Dairy farmers could soon be breeding cows for lower methane emissions
New low-cost solution will identify efficient and profitable dairy cows
Ground-breaking research is set to give dairy farmers the tools to breed cows with lower methane emission has received significant funding from Science Foundation Ireland.
Teagasc researcher Dr Sinead McParland, has been awarded over €375,000 in a Starting Investigator Research Grant to develop tools to identify the most efficient and profitable cows in the national herd.
Farming accounts for 85pc of methane emissions in Ireland, as ruminant animals emit methane as a bi-product of the fermentation of food.
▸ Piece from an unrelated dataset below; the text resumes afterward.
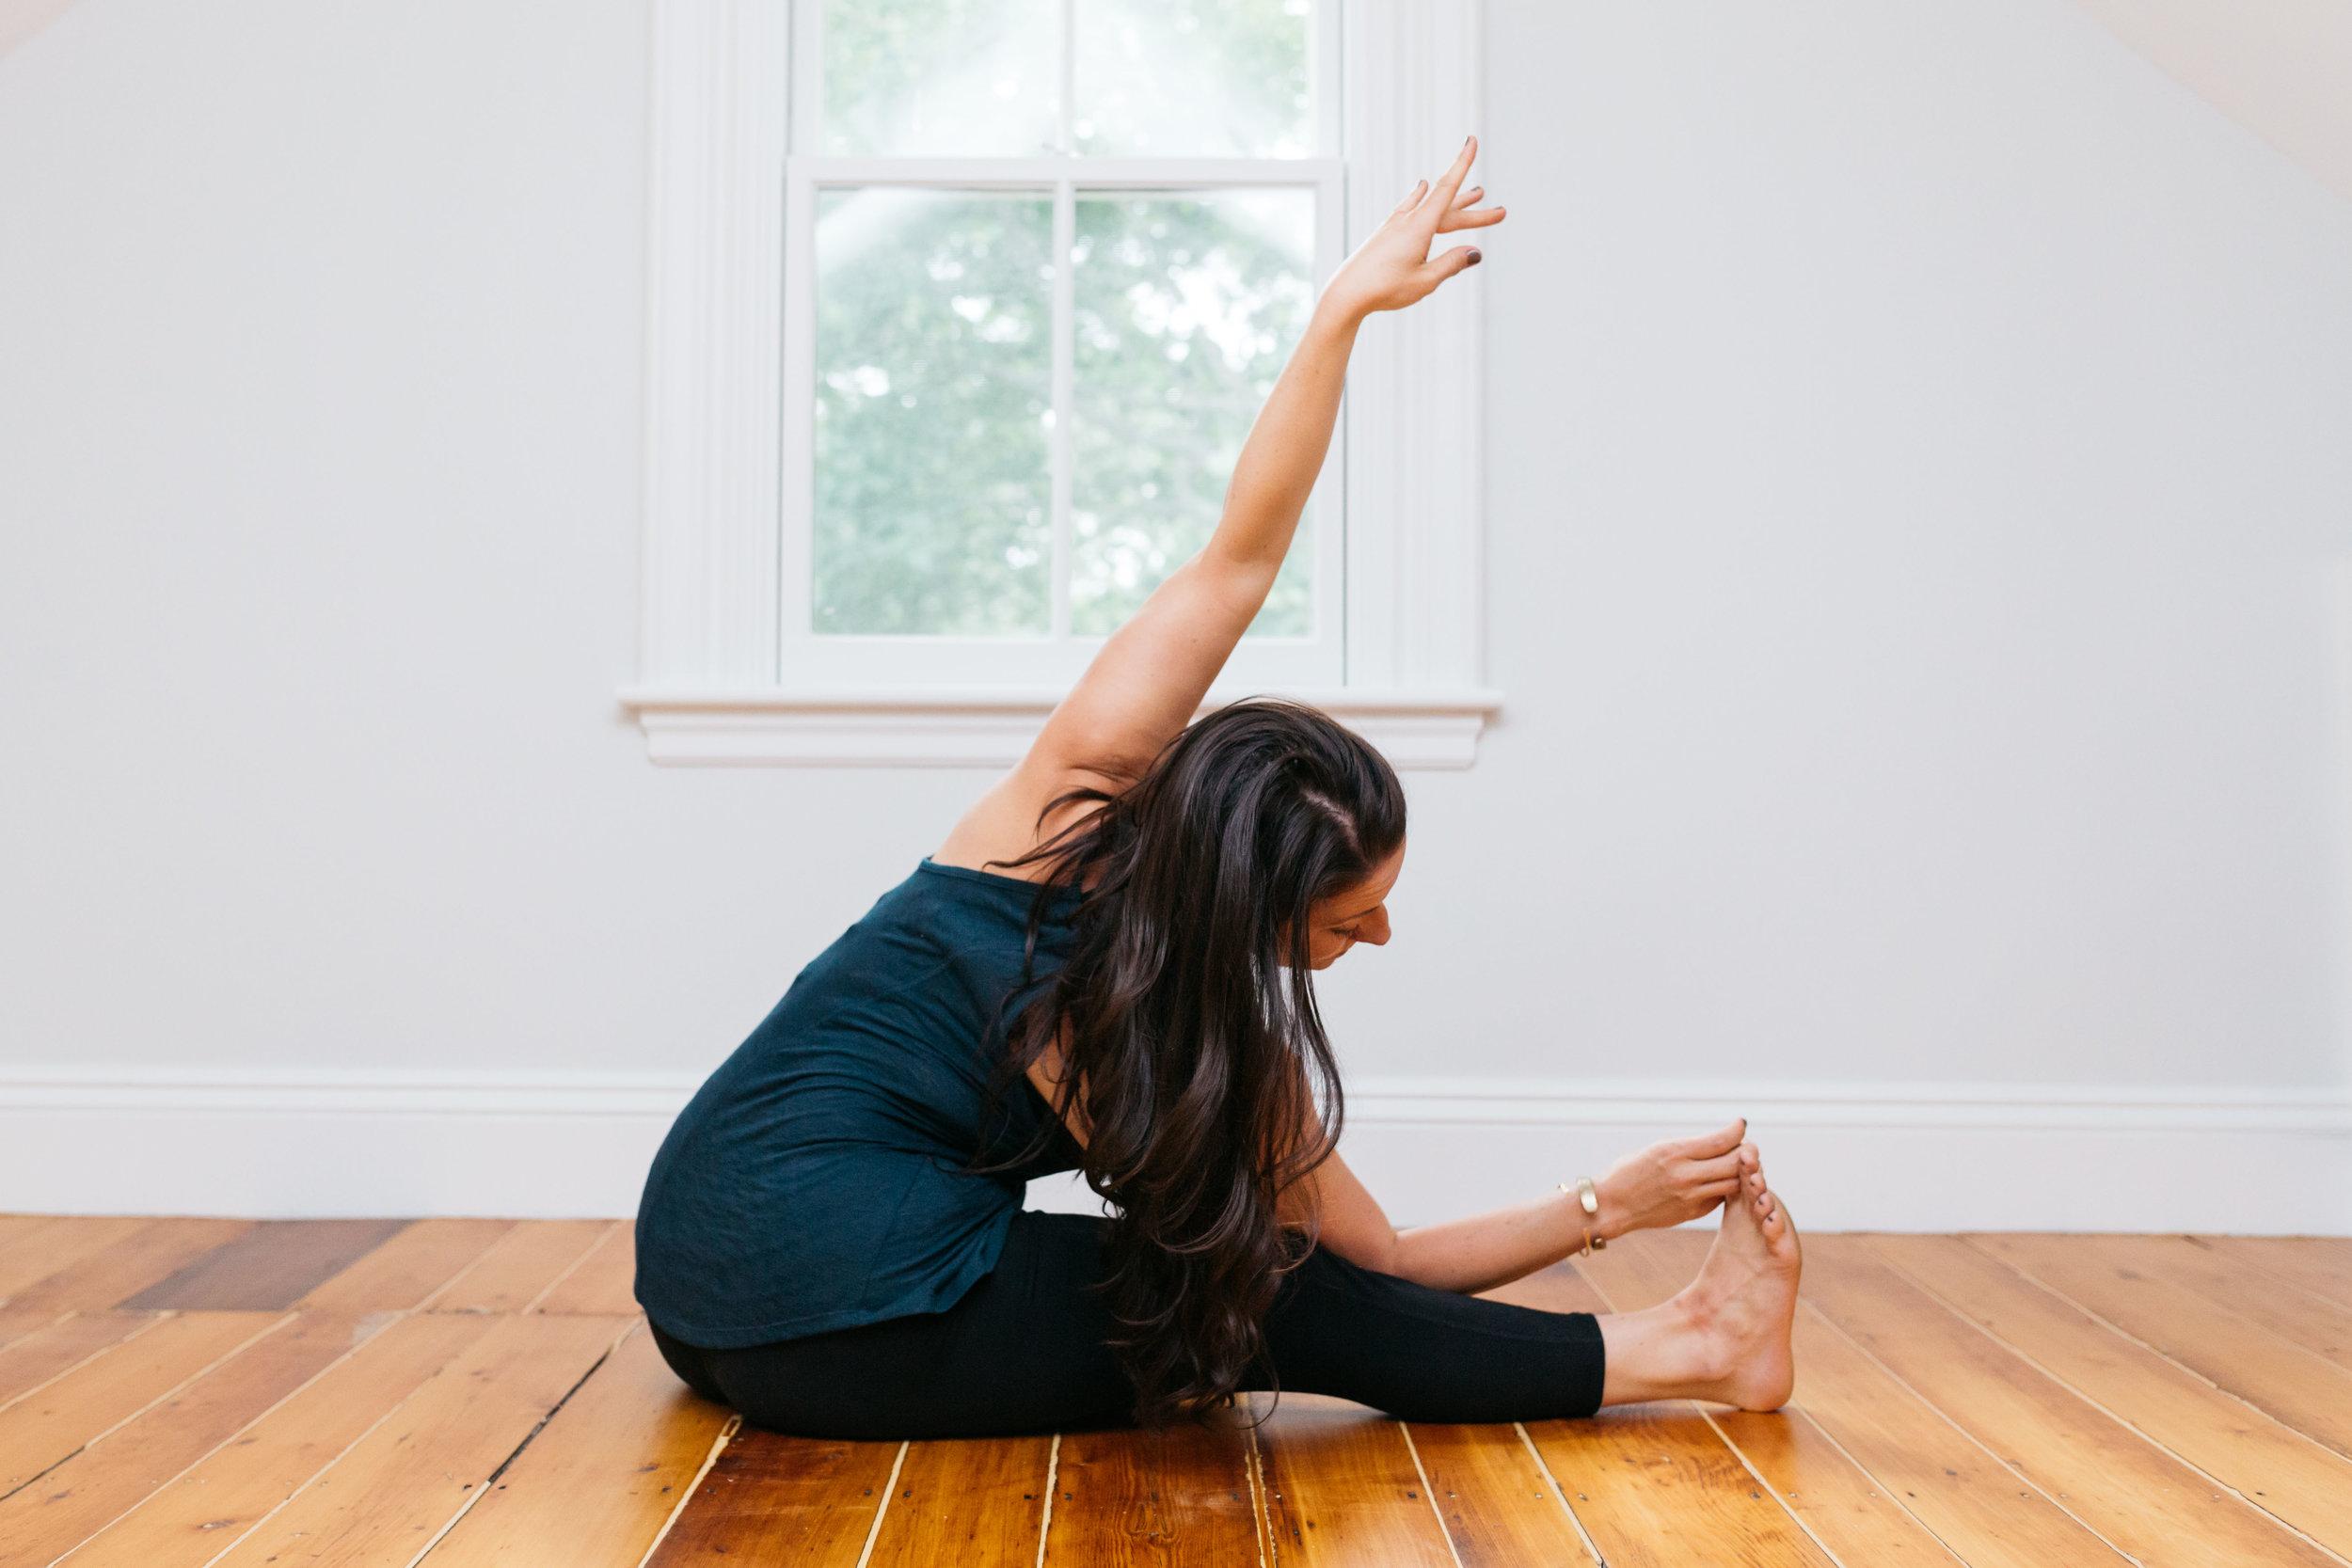 boston-yoga-photographer-christyn-12.jpg

But global demand for dairy products current exceeds supply, putting pressure on dairy herds to produce as much as possible.
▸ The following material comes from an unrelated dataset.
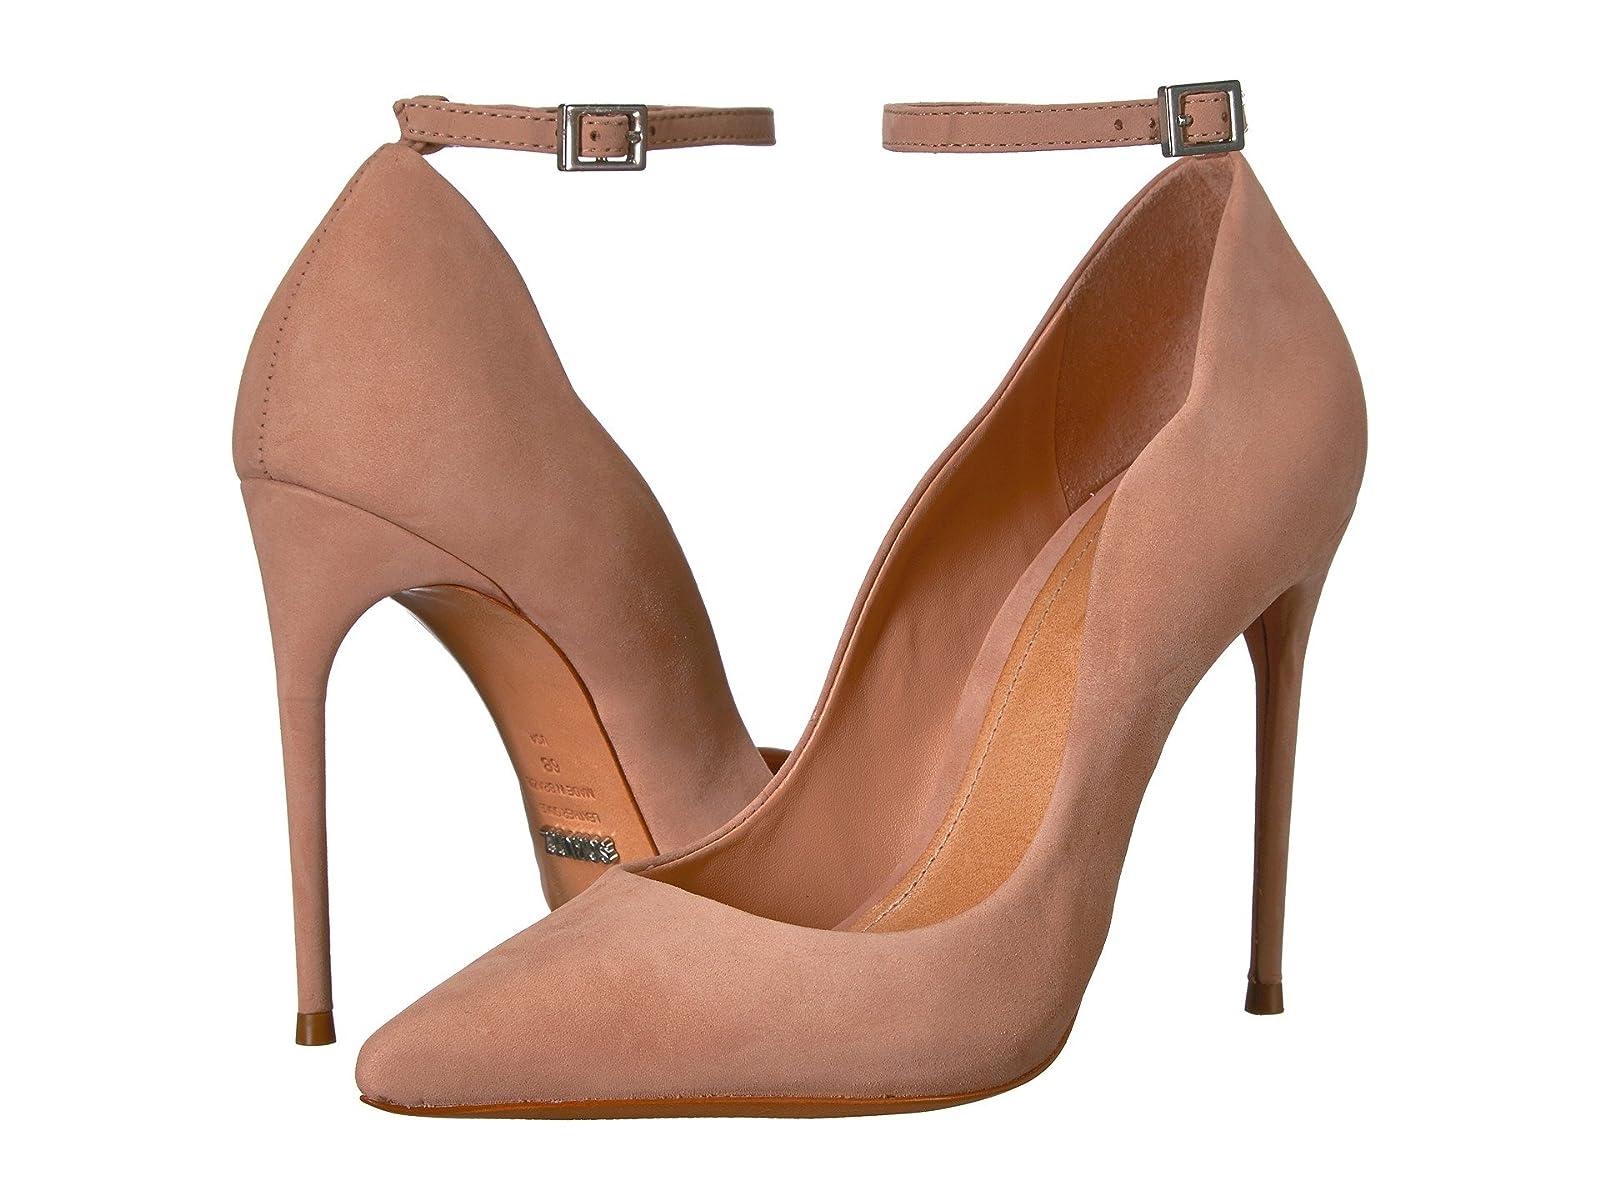 Schutz ThaynaraAtmospheric grades have affordable shoes

According to Dr McParland efficient cows, which have higher milk solids output per unit input, are required to help meet this shortfall but the amount of research available to date is very limited.
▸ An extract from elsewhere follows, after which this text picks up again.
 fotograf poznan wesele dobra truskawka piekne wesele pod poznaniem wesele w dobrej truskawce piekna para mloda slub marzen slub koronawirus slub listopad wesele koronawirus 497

"The research will address the seismic challenge we face to breed more efficient animals (producing more milk from less input) with a lower environmental hoof-print."
McParland said the current tools which evaluate the efficiecy of cows are very laborious and expensive to operate, so are typically only used in research centres, and the numbers of records we can attain each lactation and the number of individual animals recorded remains small.
"In order to include traits such as efficiency and emissions in our breeding programme, we need lots of unbiased data on as wide a representation of the national herd that is possible," she said.
"We will use information generated as part of routine milk recording to predict intake, efficiency and methane emissions.
Milk recording, (in Ireland and globally) is operated by taking a small sample of milk (40-50ml) from individual cows during milking 4-12 times across a milking season.
As part of this research, the milk samples are analysed by shining a light through the sample at over 1,000 wavelengths which can determine the fat and protein content of the milk as it can also predict the energy intake of cows as well as methane emissions.
"We aim to build on this initial research to build the most accurate equations in order to capture this data from all milk recorded animals and feed this data into the national genetic evaluations.
"Farmers involved in routine milk recording will have this data recorded on their individual animals enabling them to identify their most efficient, lowest emitting animals.
"If the project is successful and the traits of efficiency and emissions are included in the breeding goal, all farmers will benefit through a national goal that is genetically selecting for more efficient, environmentally sustainable animals," she said.